[REQUIRED ACTION]
Transcribe the listing exactly as written. Leave the images out.

━━ AVAILABLE DATA

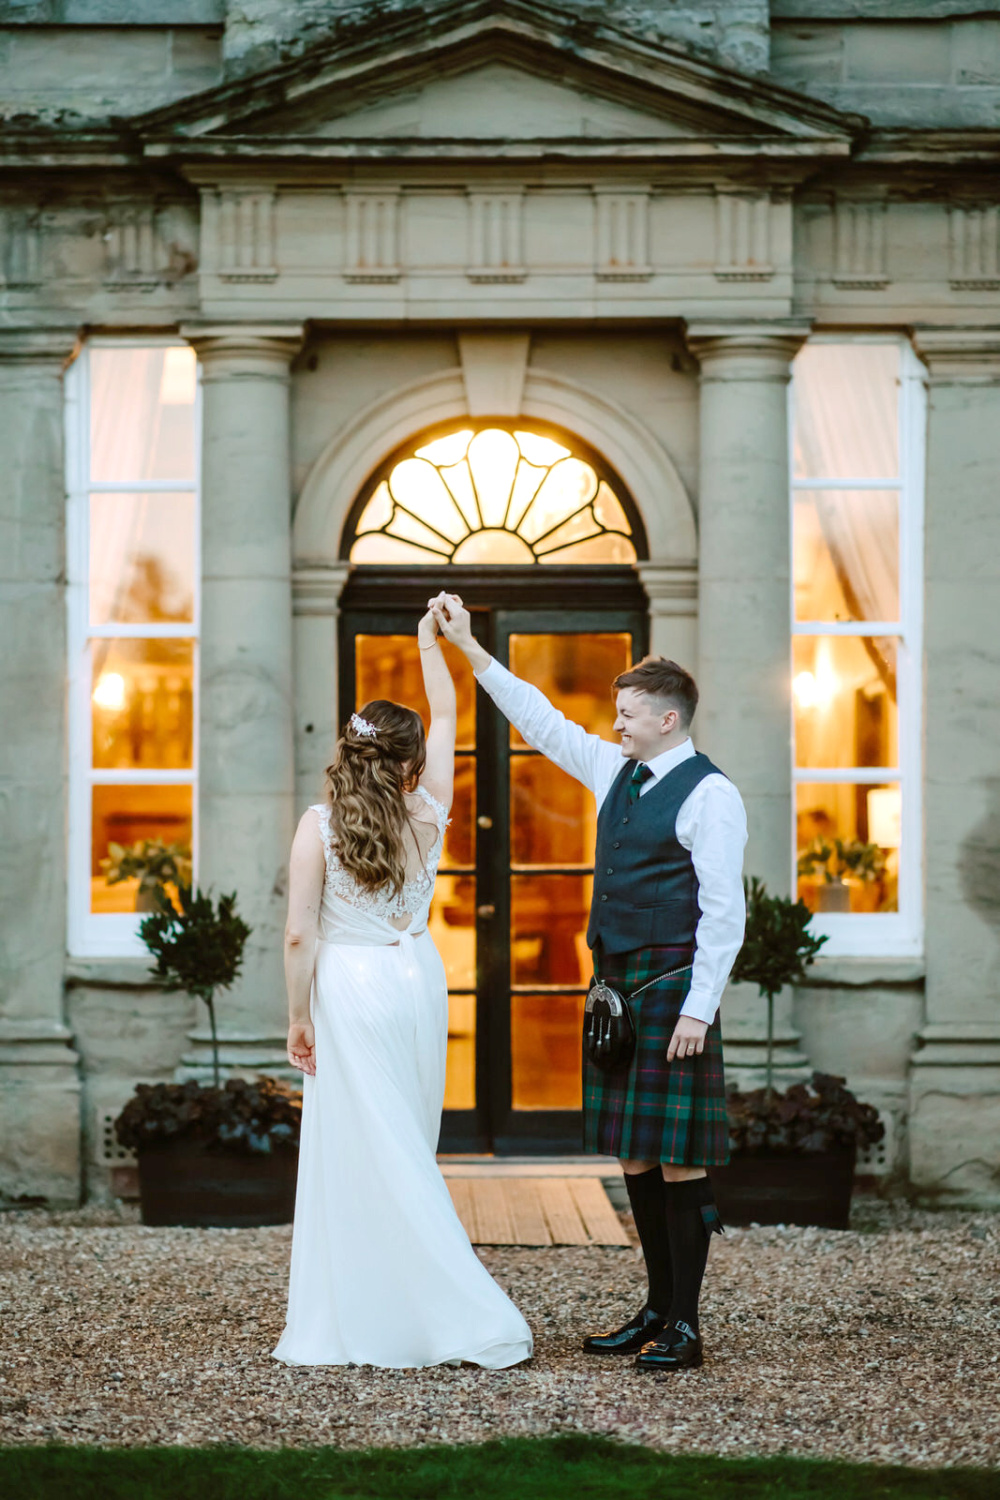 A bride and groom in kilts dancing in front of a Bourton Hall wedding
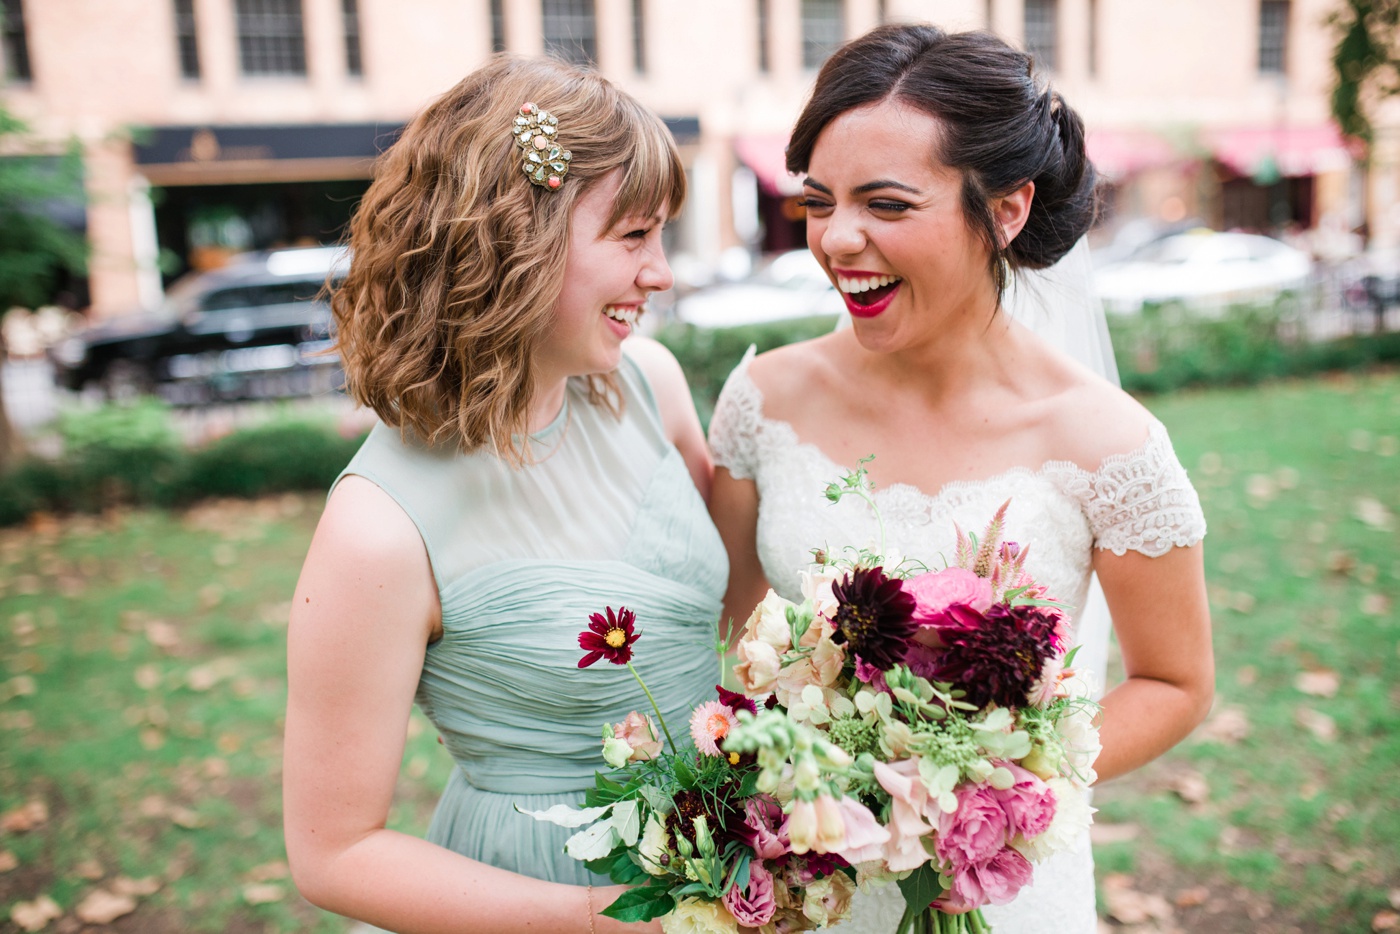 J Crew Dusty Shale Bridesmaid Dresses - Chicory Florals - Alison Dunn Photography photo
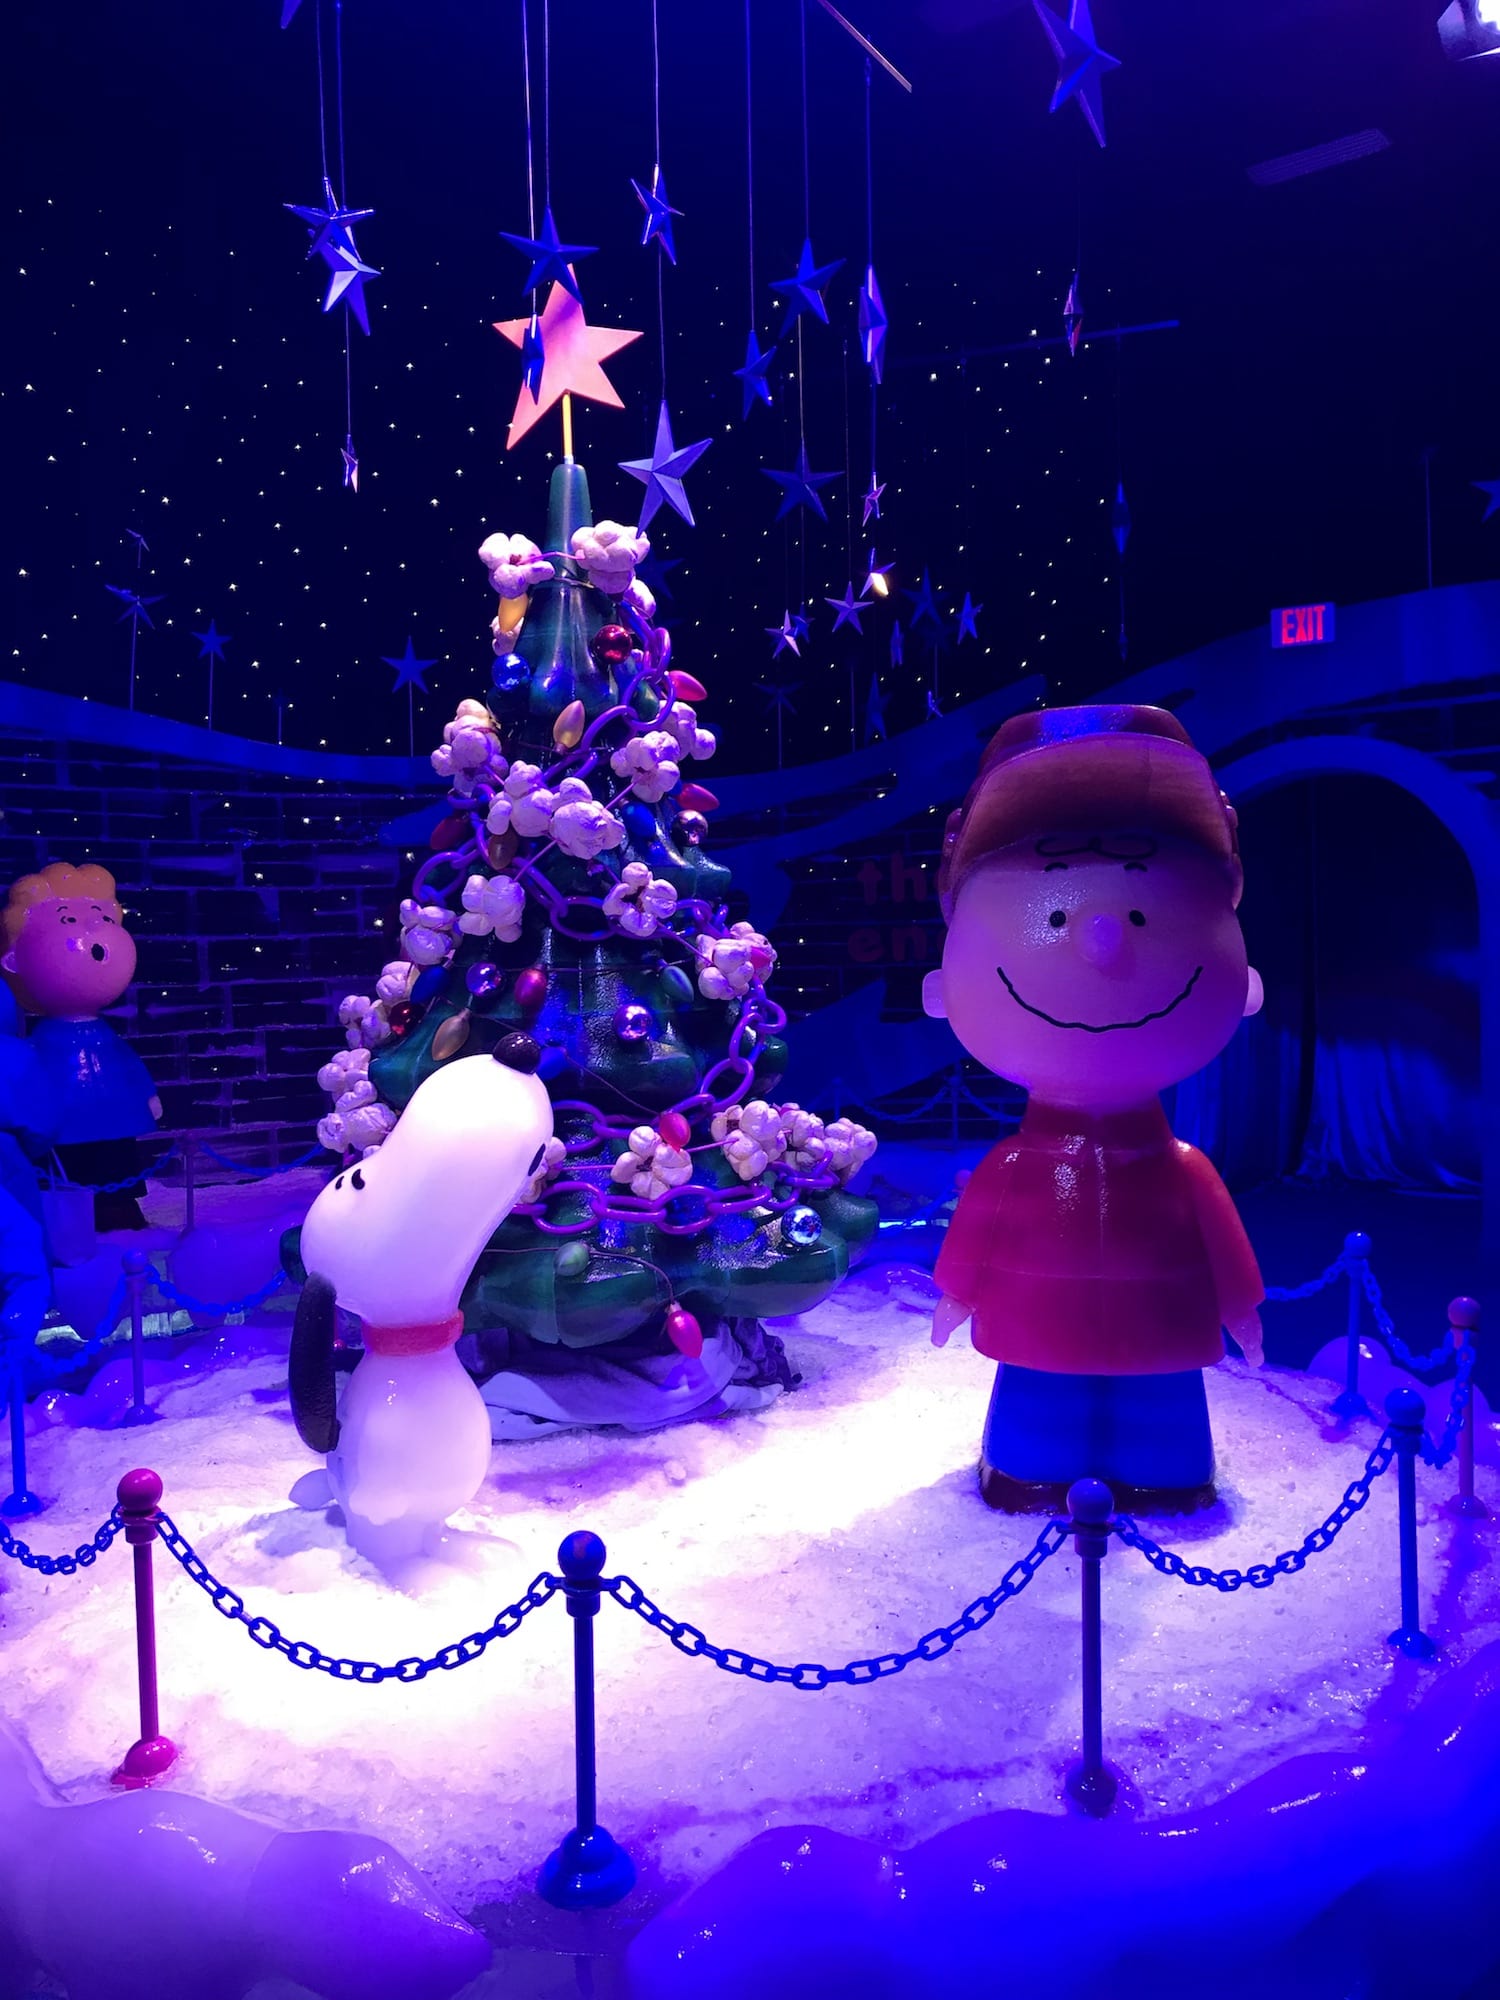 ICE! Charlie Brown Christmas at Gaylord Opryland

━━━━

[RESULT BELOW]
 A bride and groom in kilts dancing in front of a Bourton Hall wedding
 J Crew Dusty Shale Bridesmaid Dresses - Chicory Florals - Alison Dunn Photography photo
 ICE! Charlie Brown Christmas at Gaylord Opryland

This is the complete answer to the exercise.